Full question:
By 2050, it will still not be possible to increase a healthy adult human’s IQ by at least two standard deviations in less than 30 days.
One of the questions from https://jacyanthis.com/big-questions.
Resolves according to my judgement of whether the criteria have been met, taking into account clarifications from @JacyAnthis, who made those predictions. (The goal is that they'd feel comfortable betting to their credance in this market, so I want the resolution criteria to match their intention.)
@JimHays Hmm, is that going to be confusing to people? Maybe I should N/A and create one not phrased in the negative.
@IsaacKing You don’t have to on my account, but I do think it’s generally clearer to phrase questions in the positive
@Dreamingpast Presumably this is asking about the measure of IQ used in 2050. Unless Jacy says otherwise within the next few days, I'll codify that in the description.

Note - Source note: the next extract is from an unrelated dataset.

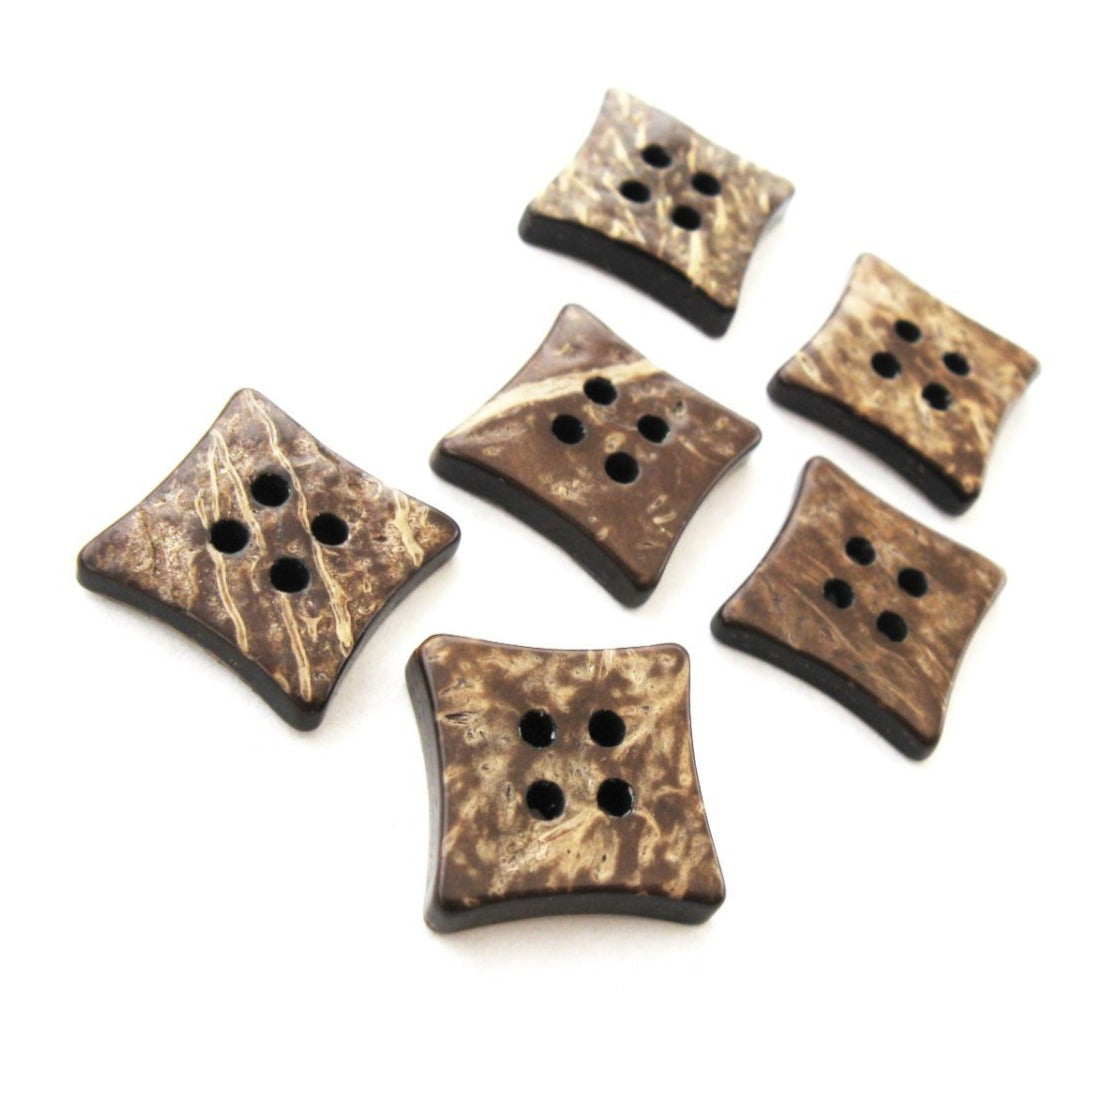 6 Brown Coconut Shell Buttons 14mm -  Square shape

@IsaacKing that'd be pretty weird. Metrics are to measure meaningful stuff in a frame of reference. We don't measure computer perf the same way as 30 years ago.

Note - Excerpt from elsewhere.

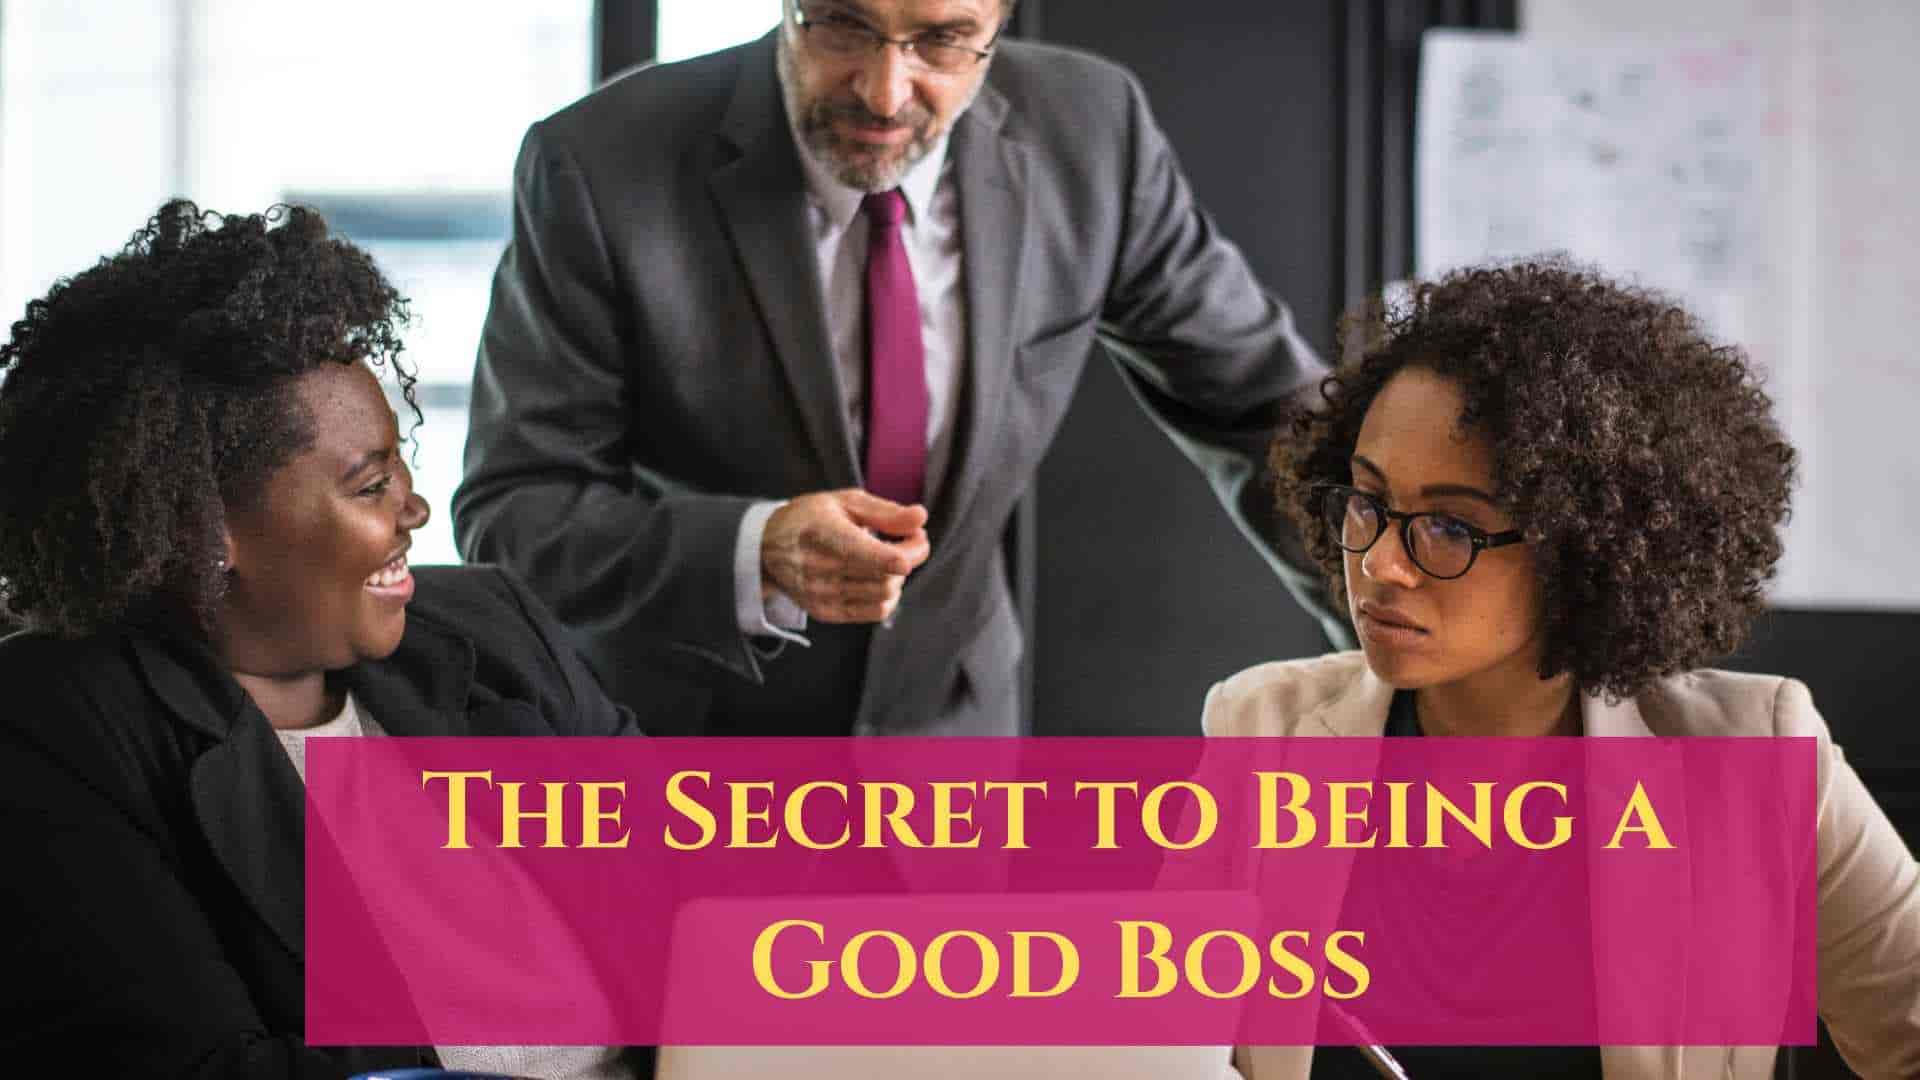 The Secret to Being a Good Boss

Someone with lots of mental math or iq test type questions practice will perform better but if the test in 2023 is measuring X while in 2050 is not measuring X but Y then it's going to be quite a useless comparison. We compare our standard deviations in the distribution of today, not that of 1900
@Dreamingpast the vocabulary iq is the only type that means anything. A vocabulary combined with a Turing test to use the word in conversation.
Like say I own a Mercedes, they have to know that car types exist and understand it has doors and is a sedan. That's about a thousand pieces of discrete information it has to remember.
If that costs 1mb to store then a million word vocabulary fills up the hard drive, then colloqiualisms and idioms explode that number which is why computers are dumb.